• WORK TASK
An exact copy of all the data below is needed, without its pictures.

• SOURCE MATERIAL

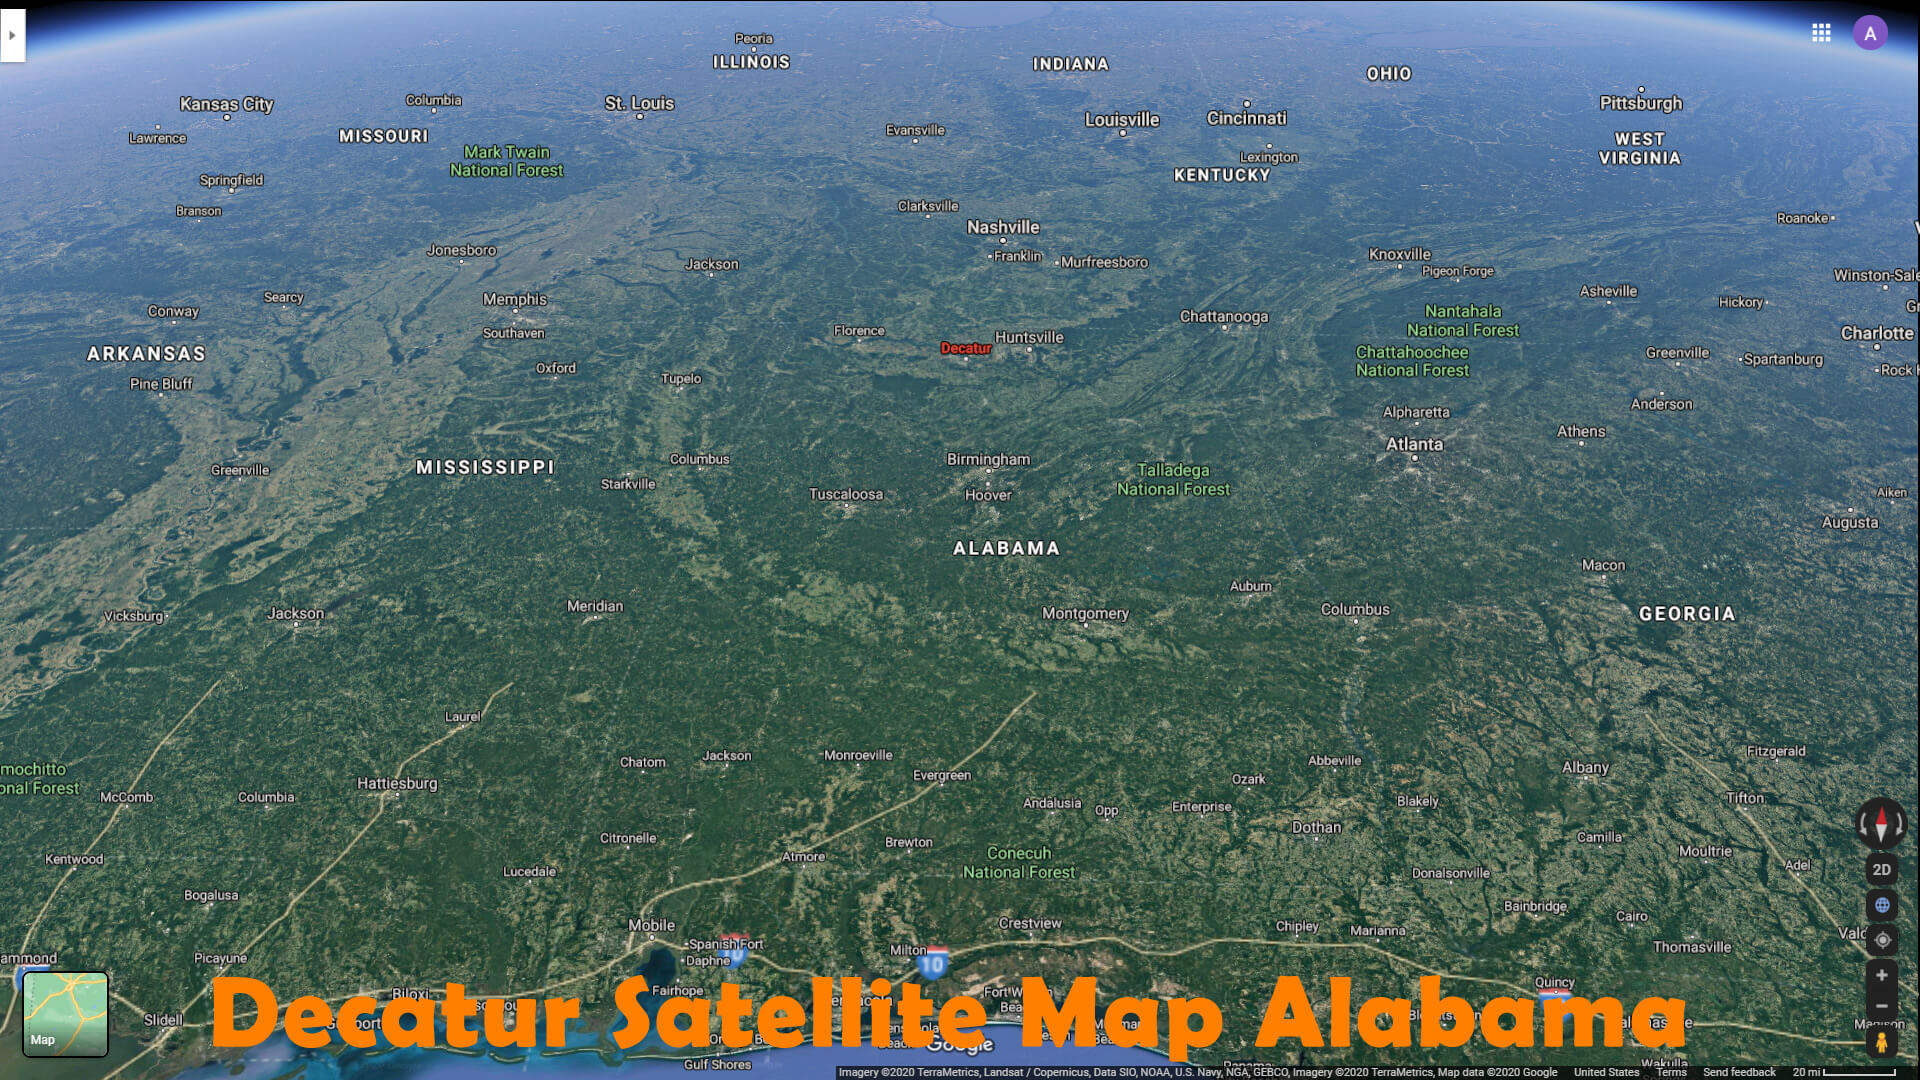 Decatur Satellite Map Alabama
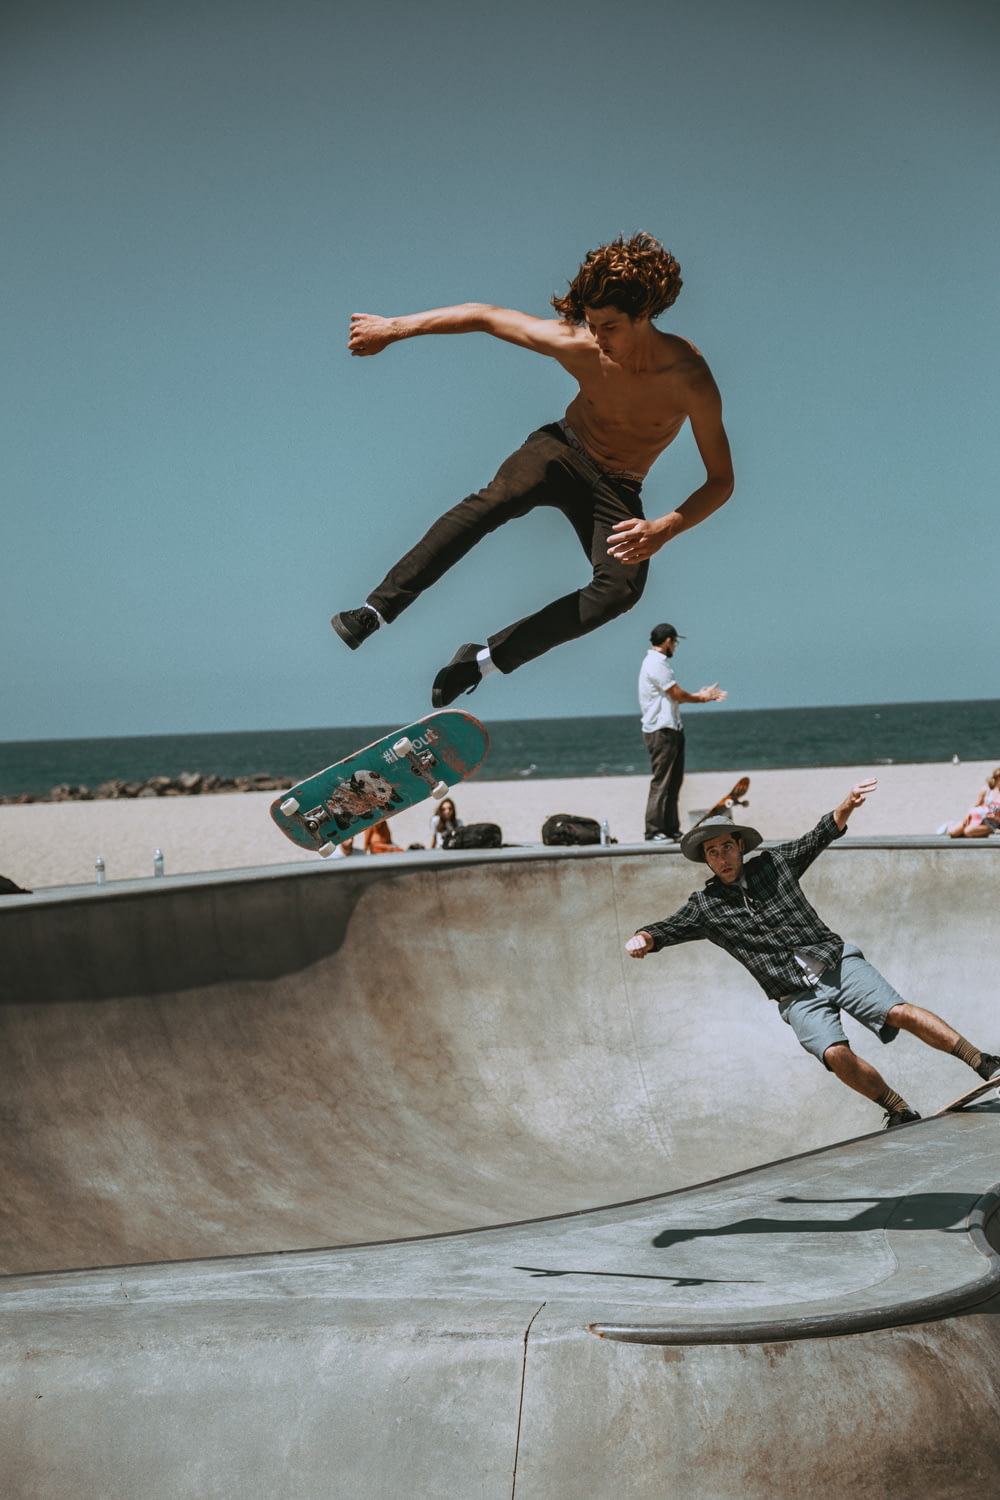 Zwei Männer skateboarden auf einer Bowl-Rampe
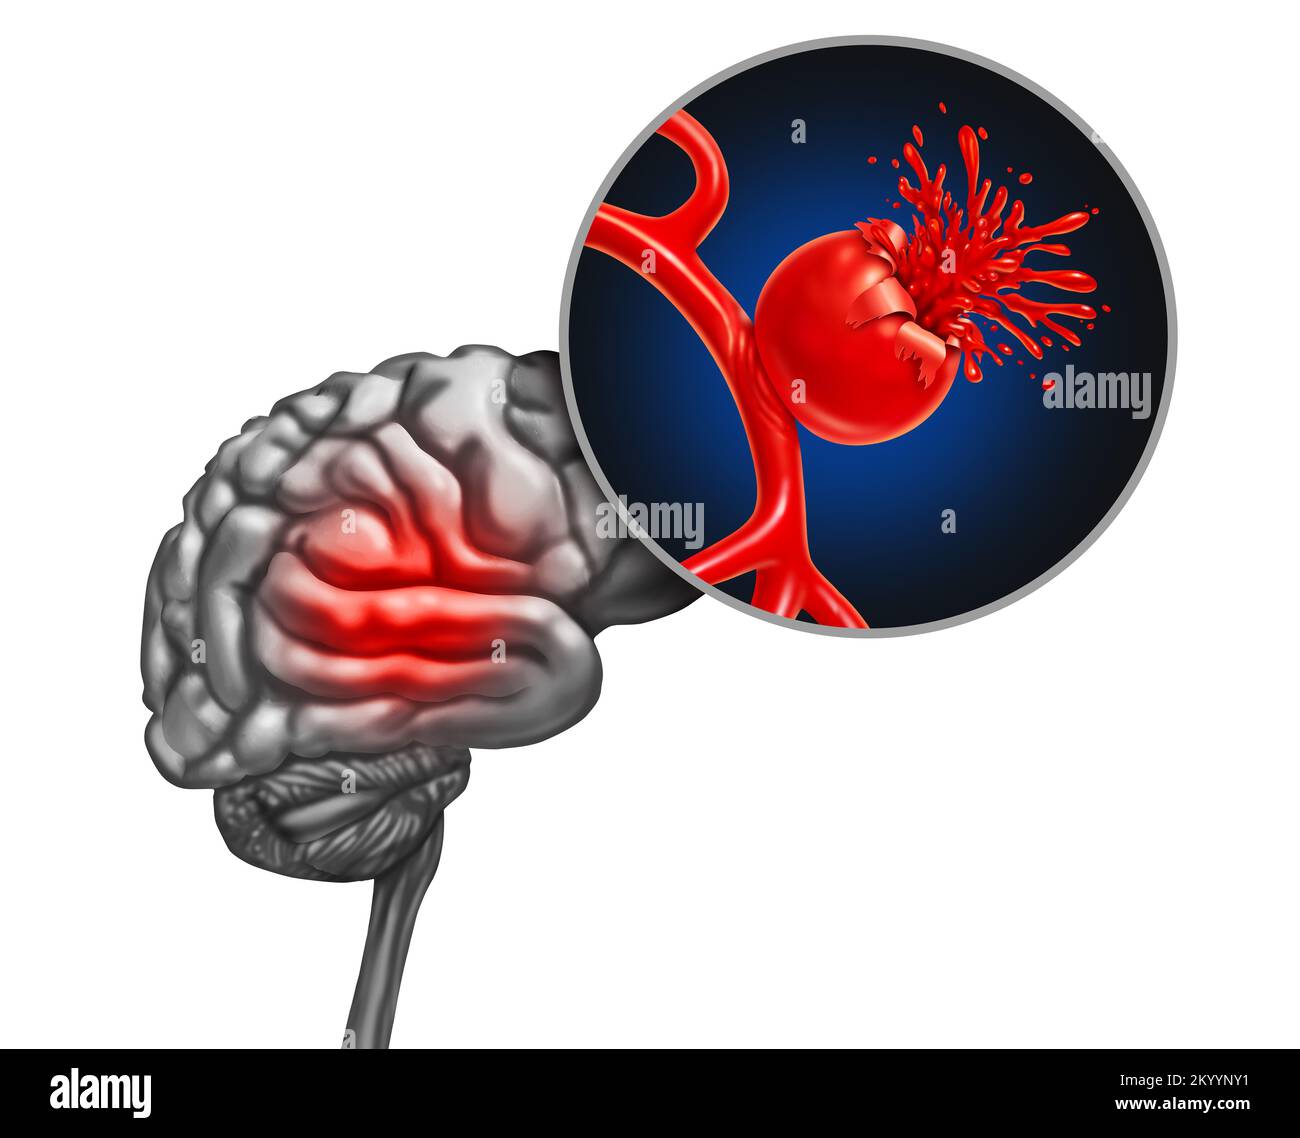 Rupture de l'anévrisme cérébral comme concept médical avec un vaisseau sanguin bombement comme artère de gonflement avec une rupture saignant le sang et causant un risque Banque D'Images

• RESULT
 Decatur Satellite Map Alabama
 Zwei Männer skateboarden auf einer Bowl-Rampe
 Rupture de l'anévrisme cérébral comme concept médical avec un vaisseau sanguin bombement comme artère de gonflement avec une rupture saignant le sang et causant un risque Banque D'Images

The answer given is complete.